# Suggestions for hikes with young family?



## severine (May 7, 2008)

I really was looking forward to getting back into hiking this season.  But it looks like if I'm going to go, I will have a 1 year old and 3 year old in tow by myself.  I can wear the 1 year old in a pack, but the 3 year old will have to walk on her own.  Any suggestions on some easier stuff she could handle?  I will add that she's used to walking in the woods at White Memorial in Litchfield, CT.  She's also done the Sessions Woods loop in Burlington (3 miles of hills).  I took her around the West Hartford reservoir off of Rt. 44 before, but it got too windy on the treeless side and I wouldn't have her do that again.

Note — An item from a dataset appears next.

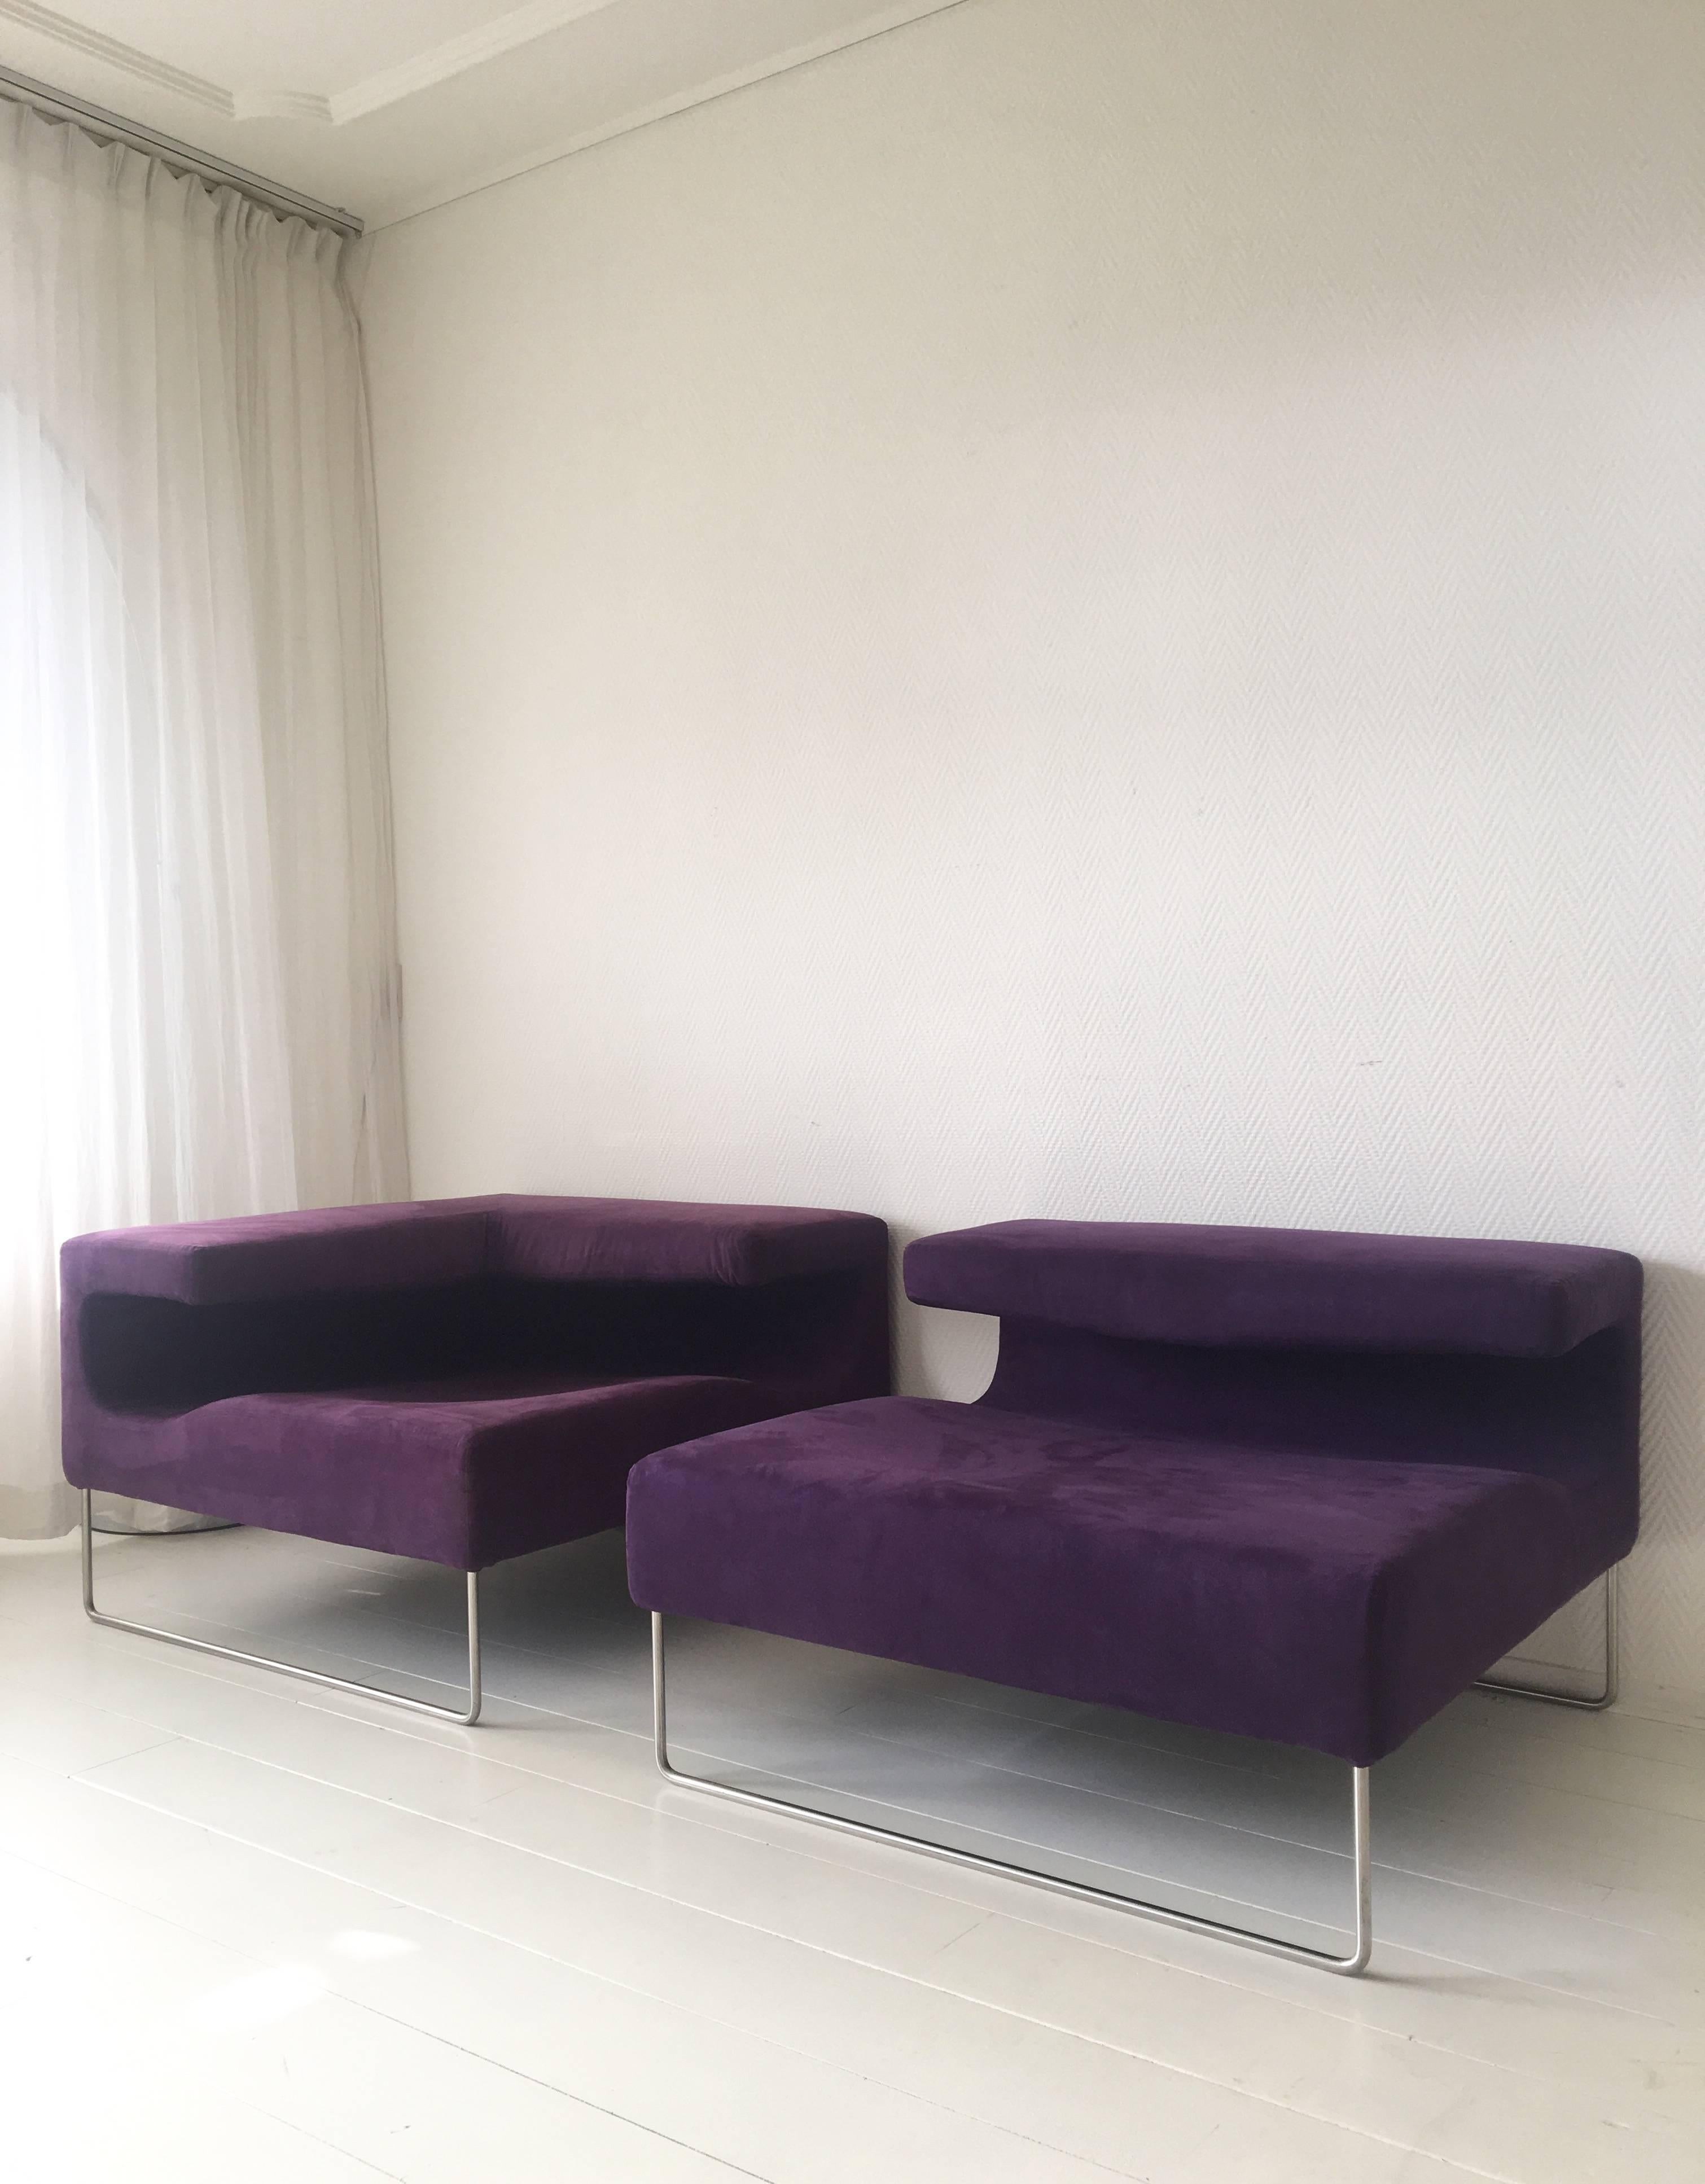 Minimalistic Purple Suede Chairs by Patricia Urquiola for Moroso In Good Condition For Sale In Schagen, NL

Ideas for something new in the northwest corner of CT or nearby?  Thanks in advance.


----------



## Paul (May 7, 2008)

People's has a few smaller loops that she could enjoy. There's one right off of the stone museum at the entrance.


----------



## severine (May 7, 2008)

Oooooh, good suggestion!  Thanks!


----------



## MichaelJ (May 8, 2008)

Have you been to Bash-Bish Falls? At Mt Everett State Forest you can drive up to a parking lot (on the map, it's right by the pond) with easy trails around the pond plus picnicing, and it's not hard at all to hike up to the (now-closed) upper parking lot and then from there to the summit.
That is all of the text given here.